El mite fisicalista té el dies comptats.



La fe en la realidad única de la materia, cuyo comportamiento se expresa mediante leyes generales y universales formuladas matemáticamente, se convierte en la expresión del dominio de la física sobre el resto de las disciplinas científicas, incluidas las humanidades. Un dominio que la propia física (los imperios siempre se res- quebrajan desde dentro) empezará a poner en tela de juicio. A principios del siglo XX, Einstein formuló la teoría especial (1905) y general (1915) de la relatividad, que resolvió algunos de los problemas surgidos entre la mecánica newtoniana y el electromagnetismo. Casi al mismo tiempo se gestó la teoría cuántica, que dio cuenta de algunos fenómenos hasta el momento inexplicables mediante la mecánica clásica, tales como la dualidad onda-corpúsculo o la radiación del cuerpo negro. Esfuerzo conjunto llevado a cabo por físicos teóricos de la relevancia de Schrödinger, Heisenberg, Einstein, Pauli, Bohr, Feynman y Von Neumann, entre otros. 

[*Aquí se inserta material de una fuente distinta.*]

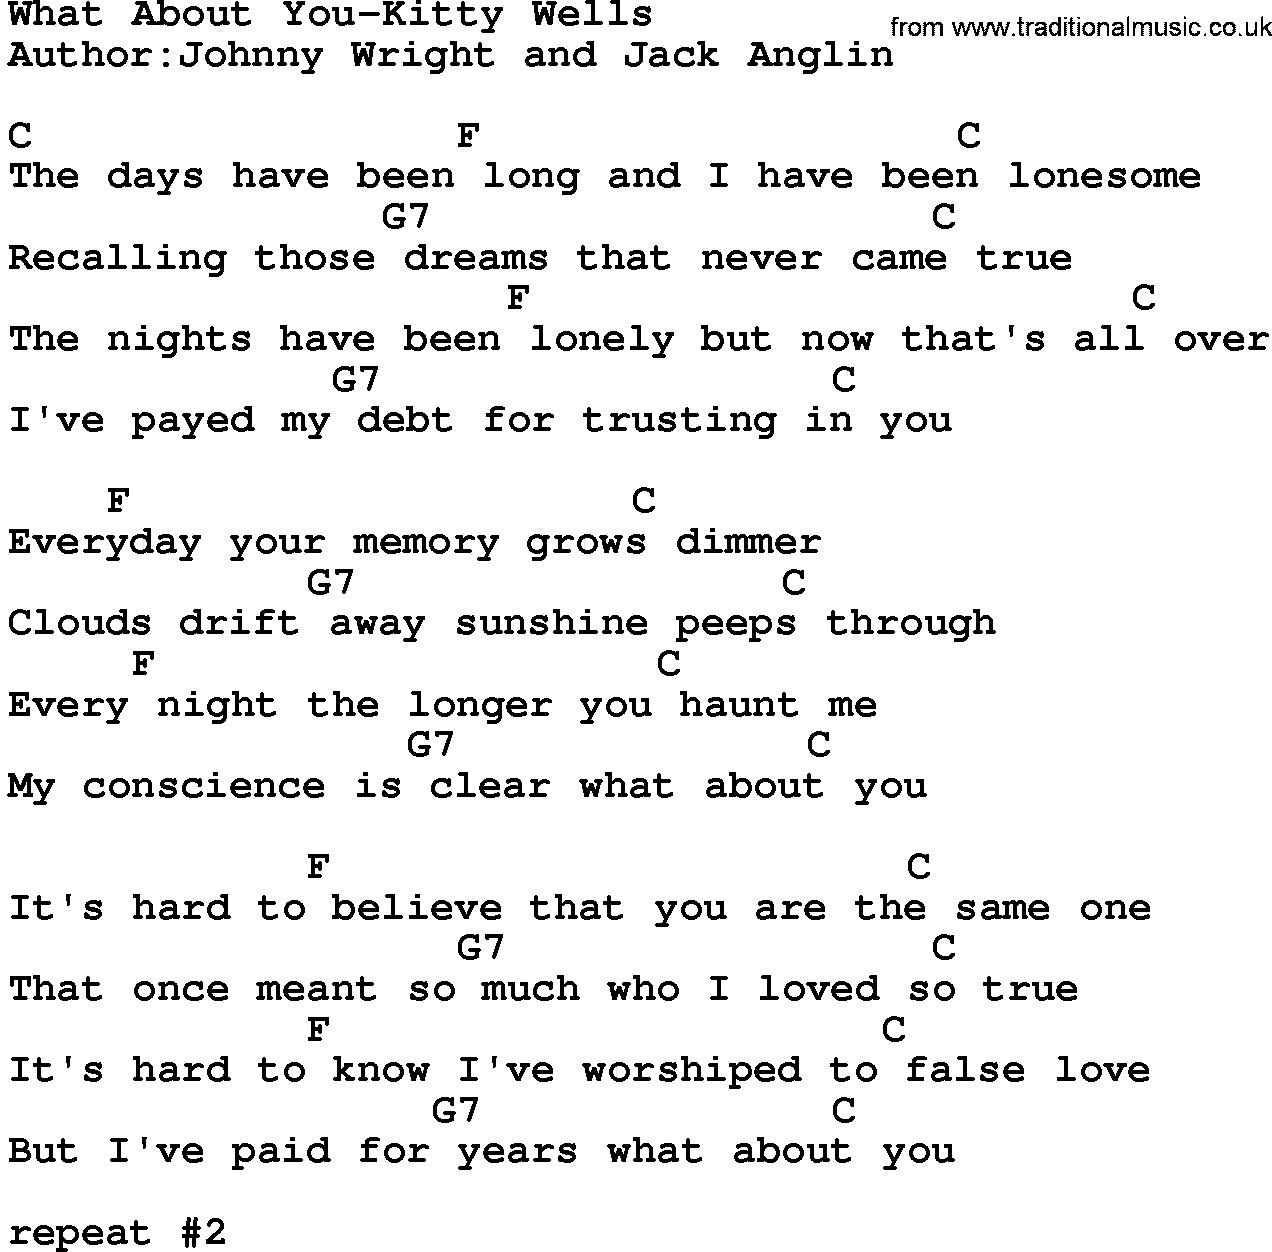 Country music song: What About You-Kitty Wells lyrics and chords

Lo más notable de estas dos teorías es que reconocen de nuevo la naturaleza mental de la realidad y cuestionan algo que había planteado la filosofía de la ciencia después de Popper: la existencia de una realidad «ahí fuera», independiente de una mente que la contemple. Tanto la teoría de la relatividad como la teoría cuántica reintroducen y actualizan el viejo problema de la conciencia, que parecía zanjado con aquella distinción peregrina entre cualidades primarias y secundarias. La relatividad lo hace por su referencia al observador: la naturaleza del espacio y el tiempo no es absoluta, como había postulado Newton, sino que depende del sistema de referencia de quien observa. En la teoría de la relatividad, los kilómetros no miden todos lo mismo, y algo parecido puede decirse de las horas. En la teoría cuántica ocurre un fenómeno similar: el observador frío y distante, el llamado observador objetivo, que venía forjándose desde tiempos de Descartes, se desmorona. El experimento de laboratorio lo absorbe y no permite que su presencia quede fuera de la propia experiencia. Tanto la relatividad como la teoría cuántica parecen exigir, a través del observador, la participación de lo mental en la construcción de la realidad. Ambas apuntan a una ciencia participativa. El mito de la objetividad se ha desmoronado desde dentro. Pese a ello, la sociedad civil lleva casi un siglo haciendo oídos sordos a este cambio de paradigma que surgió de la propia física matemática. La biología ha sido una ciencia dócil, y lo mismo puede decirse de las neurociencias bajo el imperio de la física. El dominio ha sido de tal calibre que incluso filósofos, humanistas y artistas han apostado sus vidas y su fe al mito fisicalista. Y todo indica que todavía lo seguirán haciendo. 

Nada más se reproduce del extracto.